■ Aim of the task ■
Output word for word the lines from the one with "2pcs Amber Lens" to the final line of the data, both ends included, but skip the pictures.

■ Data below ■
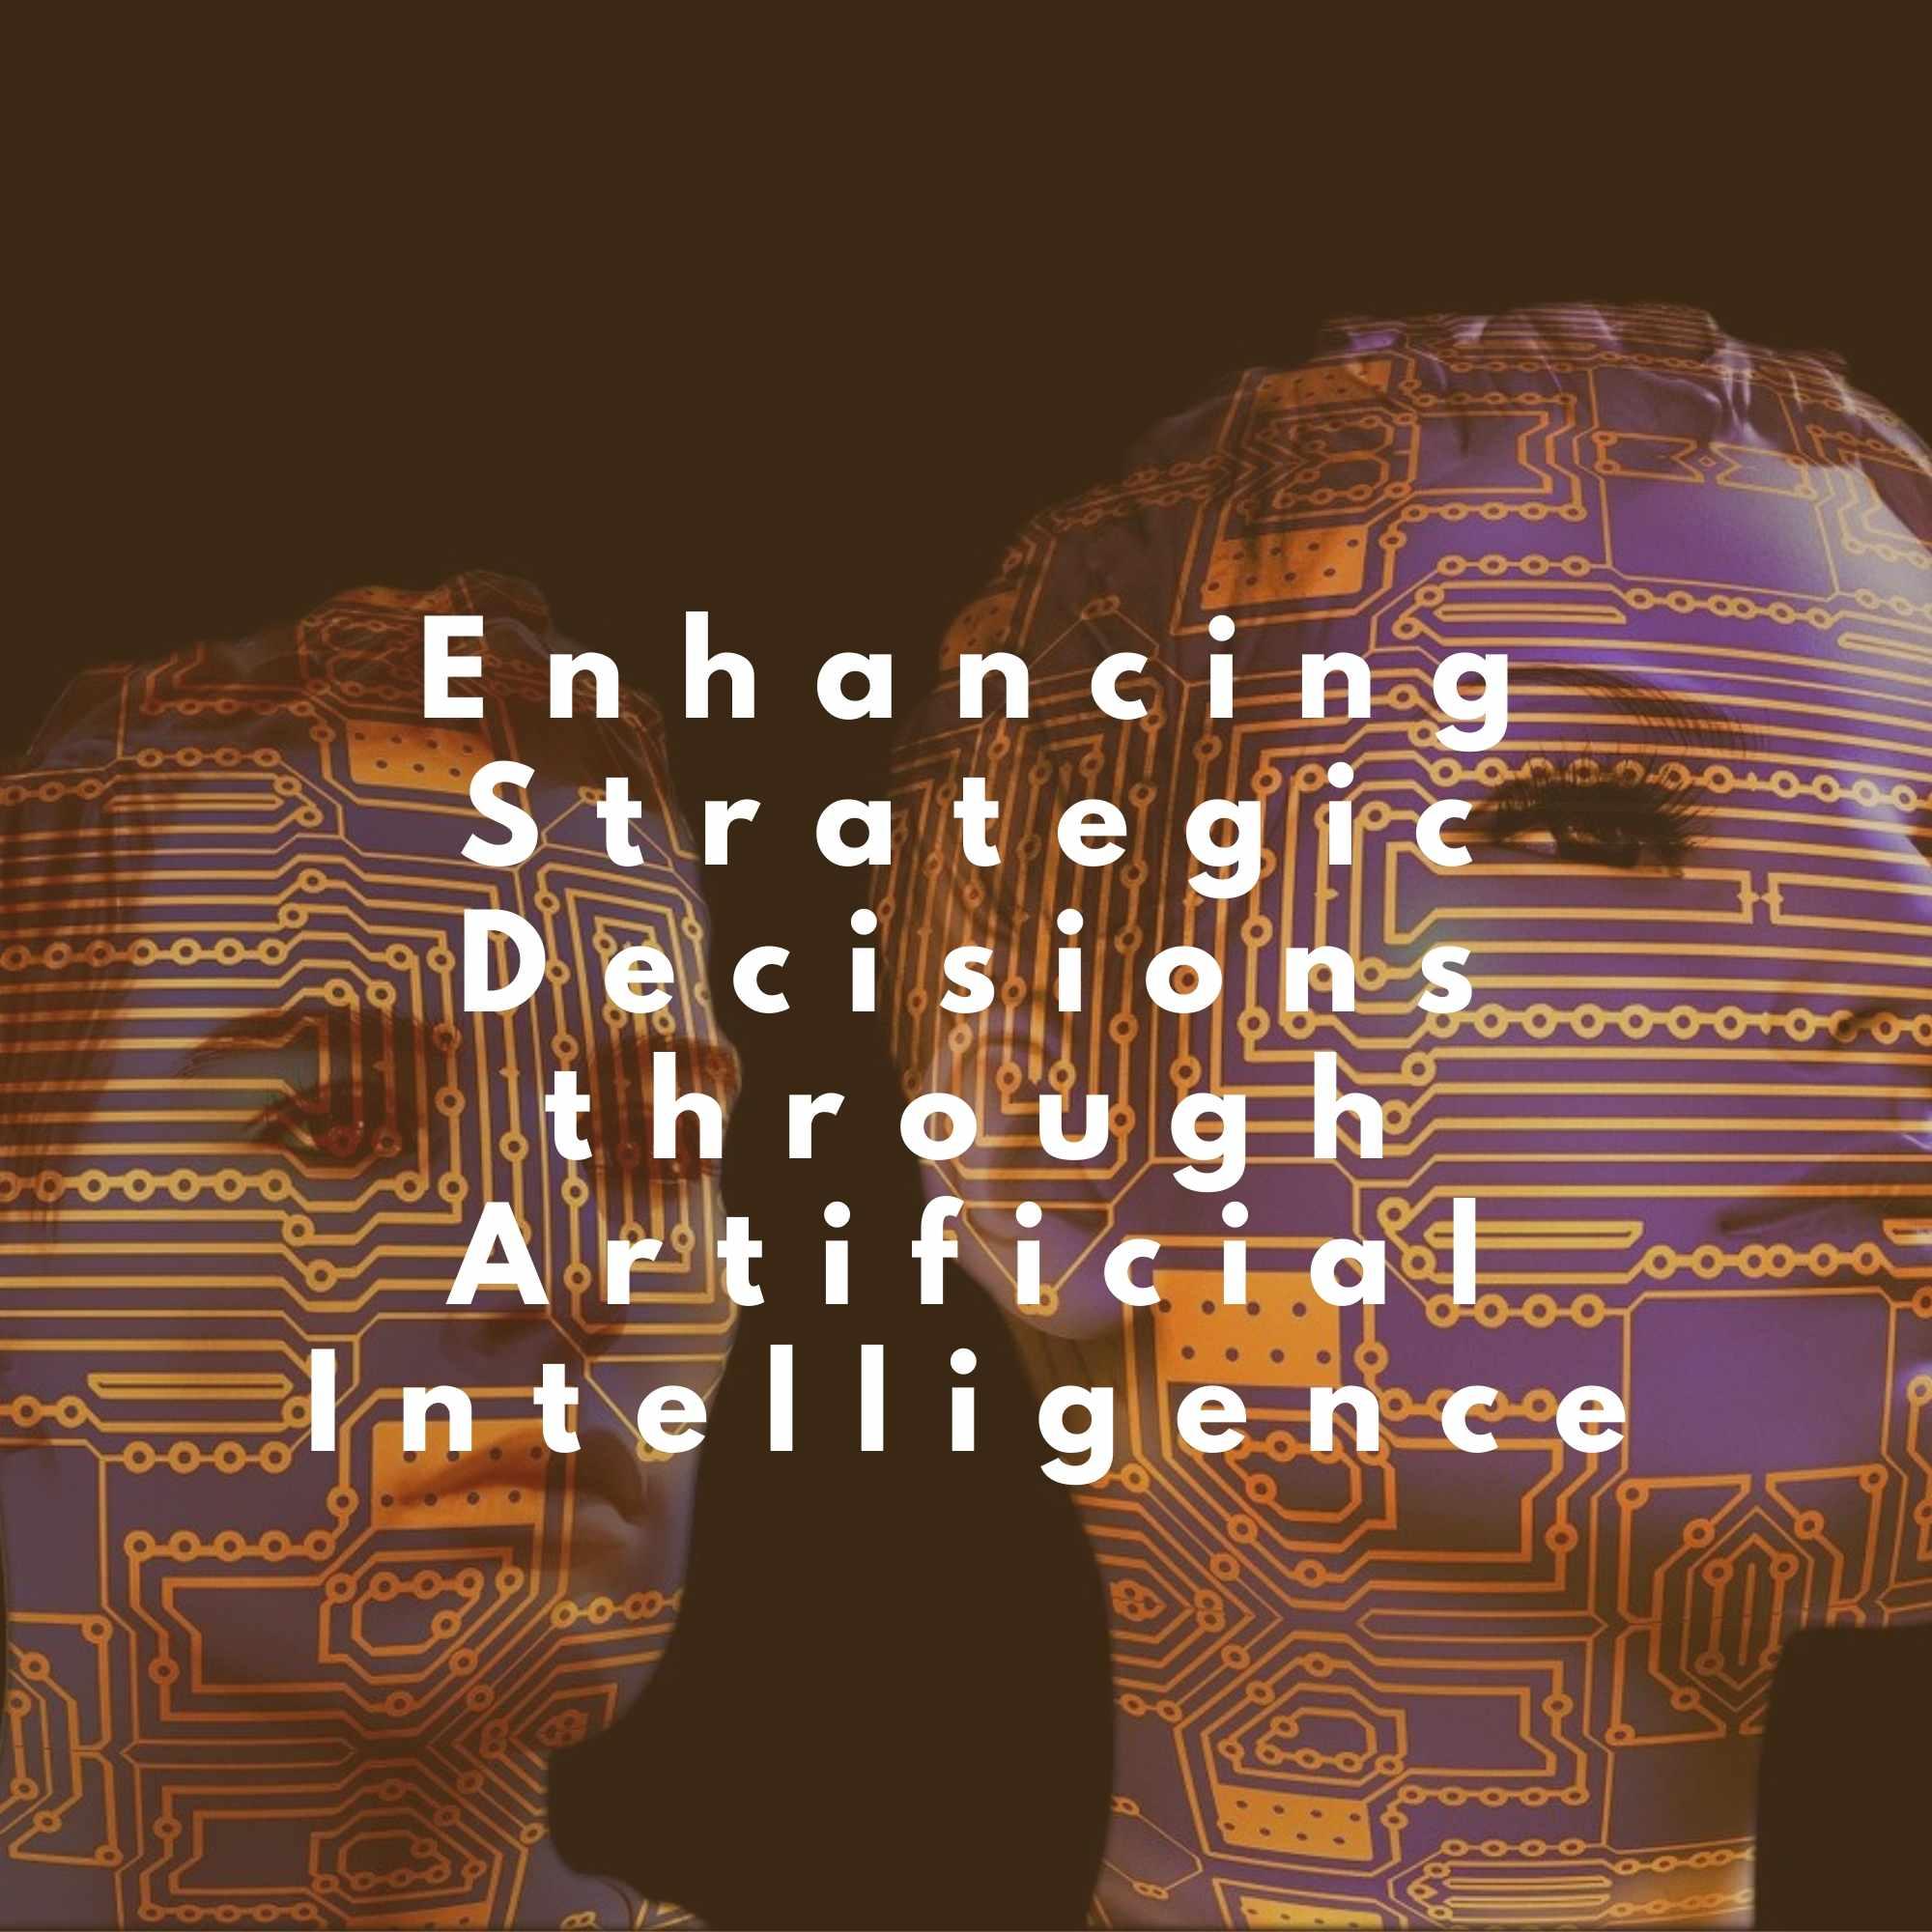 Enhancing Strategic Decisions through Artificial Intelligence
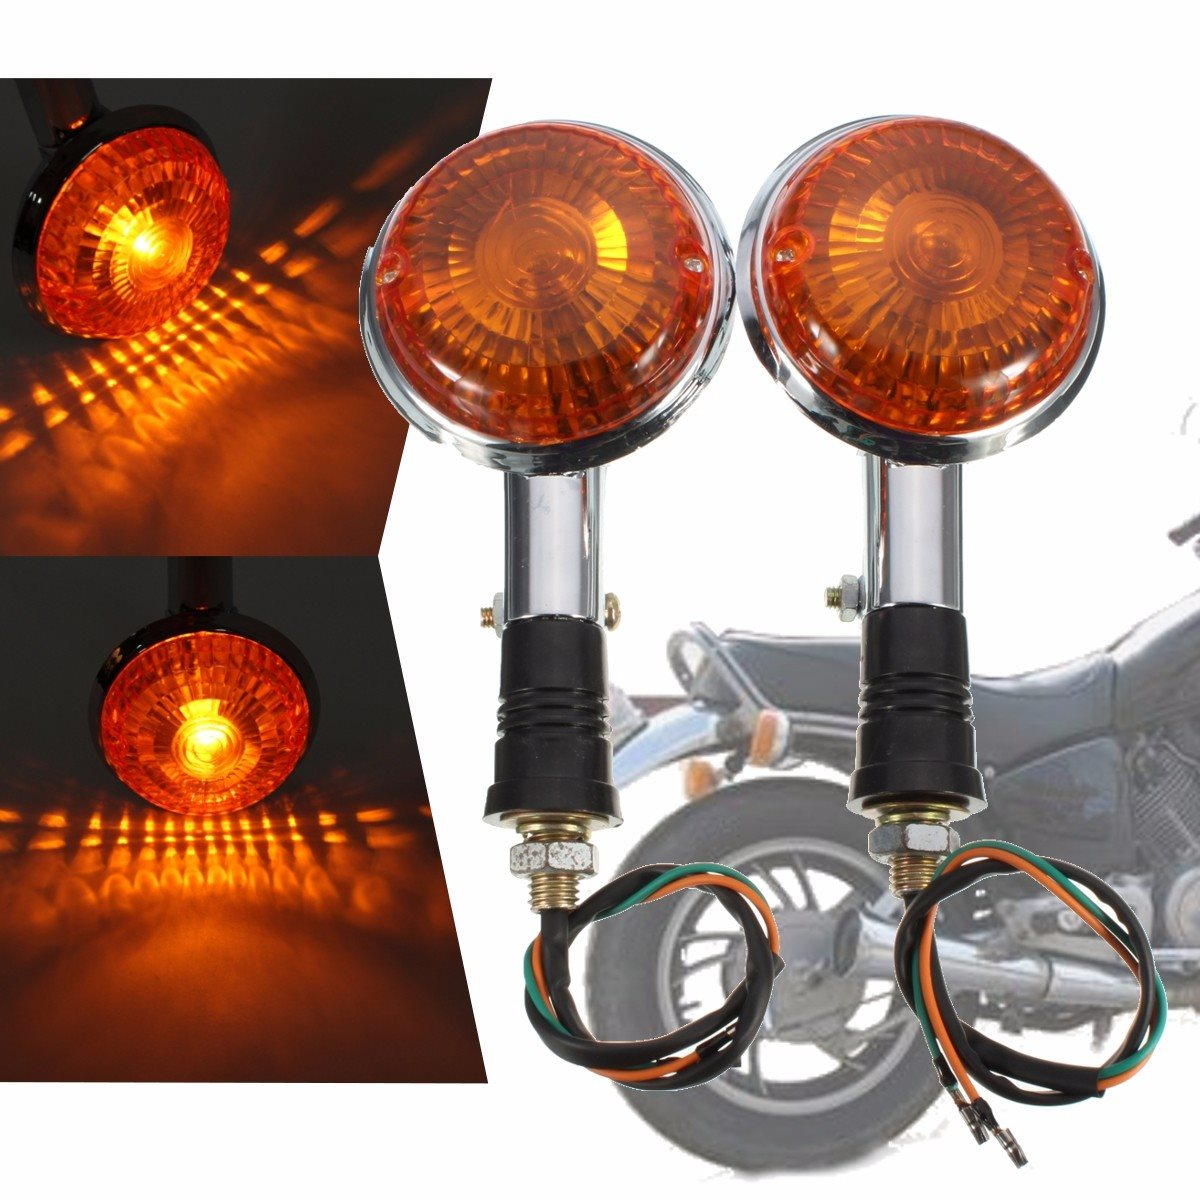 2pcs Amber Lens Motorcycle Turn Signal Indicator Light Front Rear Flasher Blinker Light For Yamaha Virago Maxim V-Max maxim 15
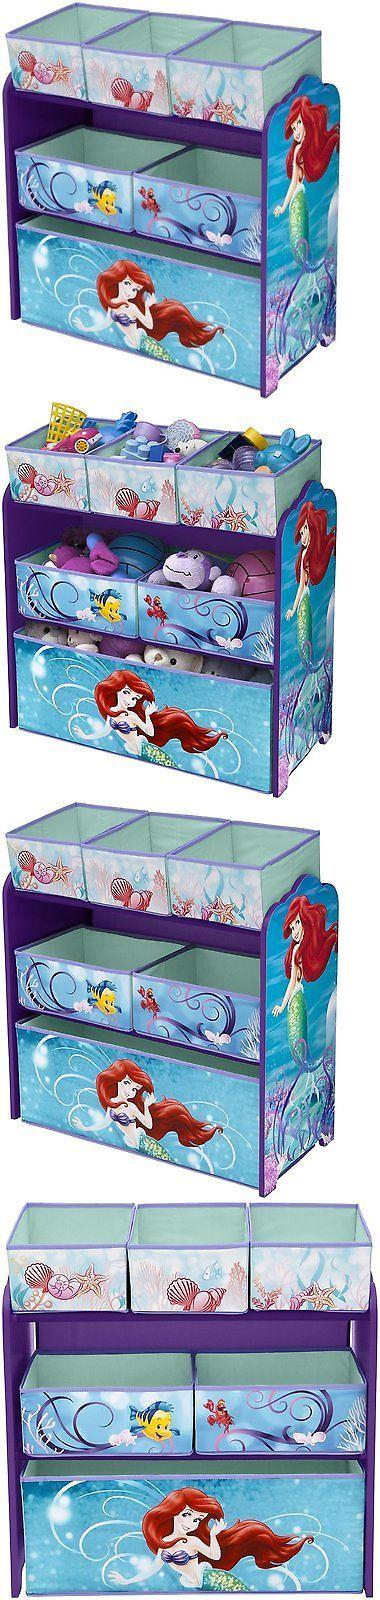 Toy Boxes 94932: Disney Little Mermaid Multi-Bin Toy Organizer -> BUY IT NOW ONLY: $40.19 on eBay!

■ Answer to this exercise ■
 2pcs Amber Lens Motorcycle Turn Signal Indicator Light Front Rear Flasher Blinker Light For Yamaha Virago Maxim V-Max maxim 15
 Toy Boxes 94932: Disney Little Mermaid Multi-Bin Toy Organizer -> BUY IT NOW ONLY: $40.19 on eBay!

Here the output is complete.